• **Instructions for the task**
Every line in the data below from the one containing "Students played bubble" down to the one containing "NordicTrack S22i Studio", both included, must be retyped exactly; no other line is to appear.

• **Materials provided**
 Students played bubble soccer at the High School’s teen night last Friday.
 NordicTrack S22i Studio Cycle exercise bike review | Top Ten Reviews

==

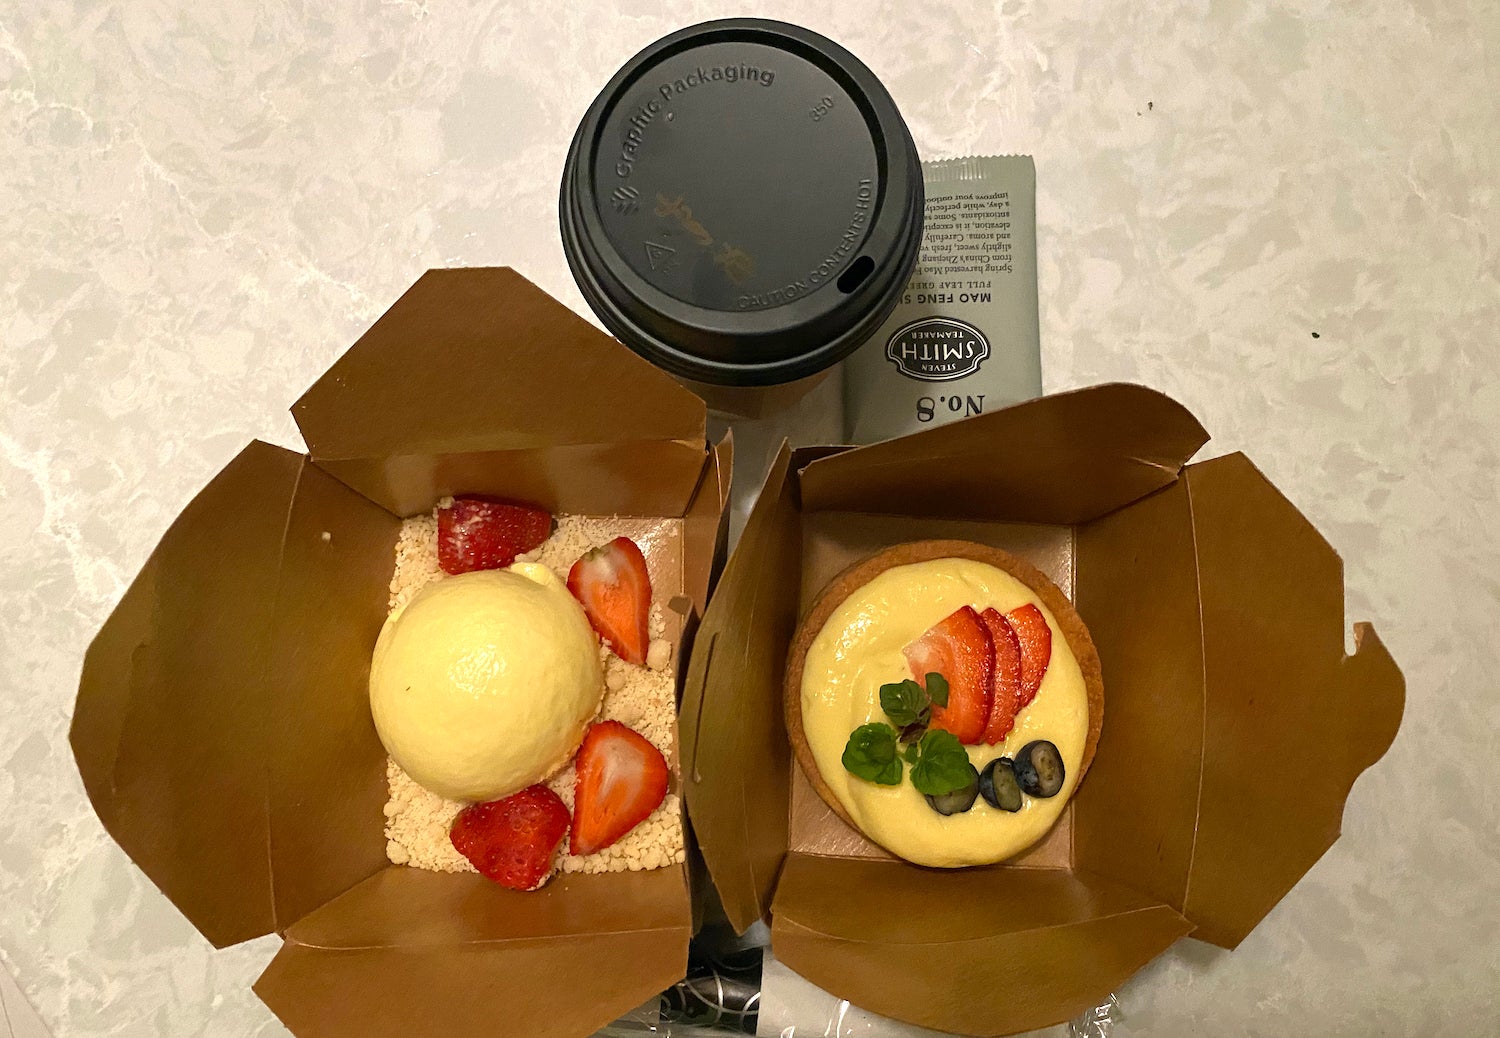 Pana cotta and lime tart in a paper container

--

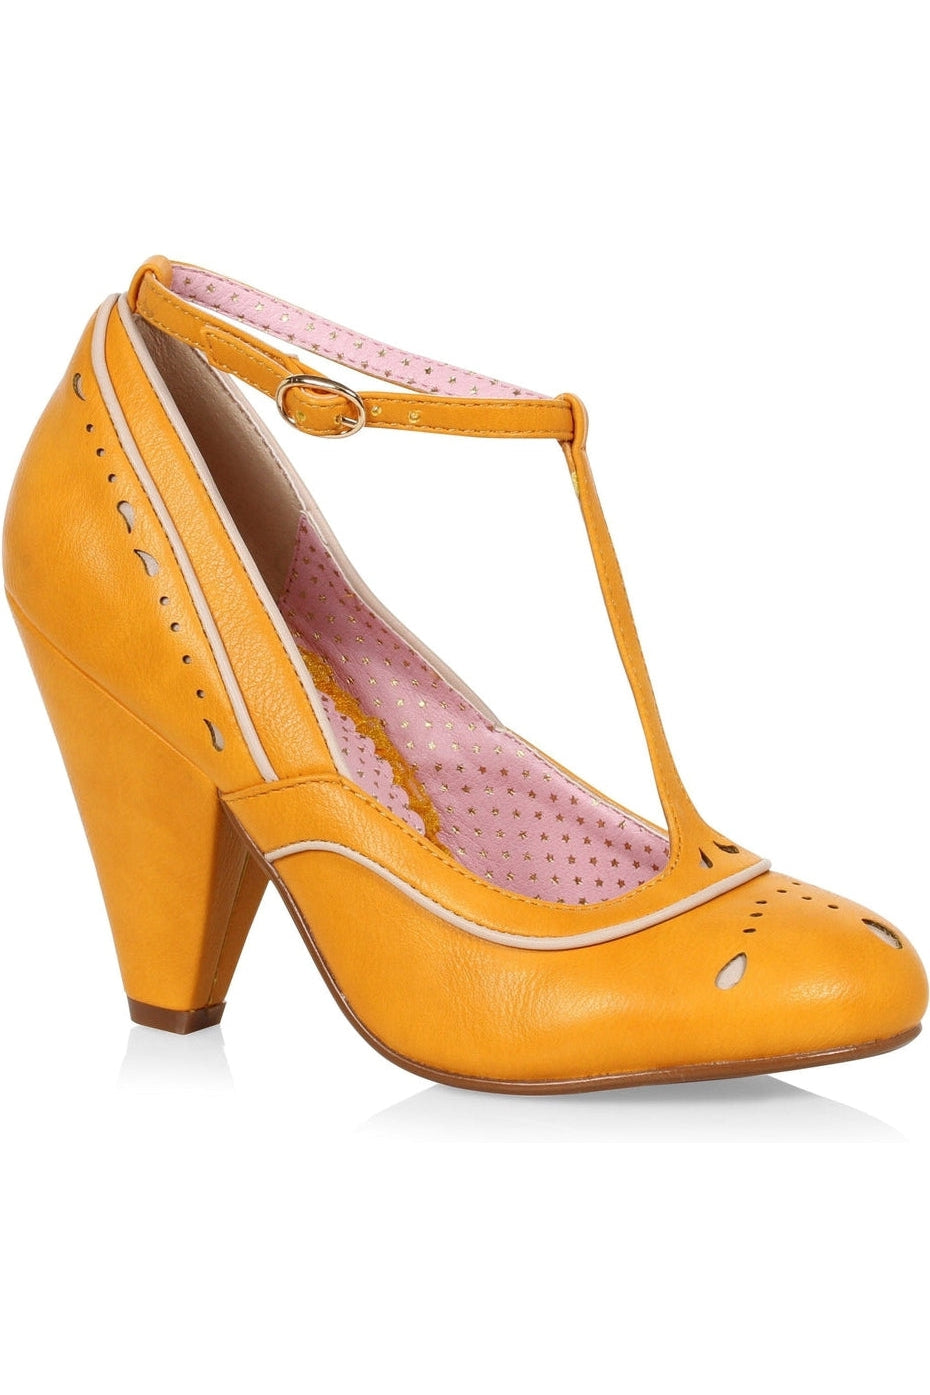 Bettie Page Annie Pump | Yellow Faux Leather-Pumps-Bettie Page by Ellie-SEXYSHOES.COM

• **Exercise solution**
 Students played bubble soccer at the High School’s teen night last Friday.
 NordicTrack S22i Studio Cycle exercise bike review | Top Ten Reviews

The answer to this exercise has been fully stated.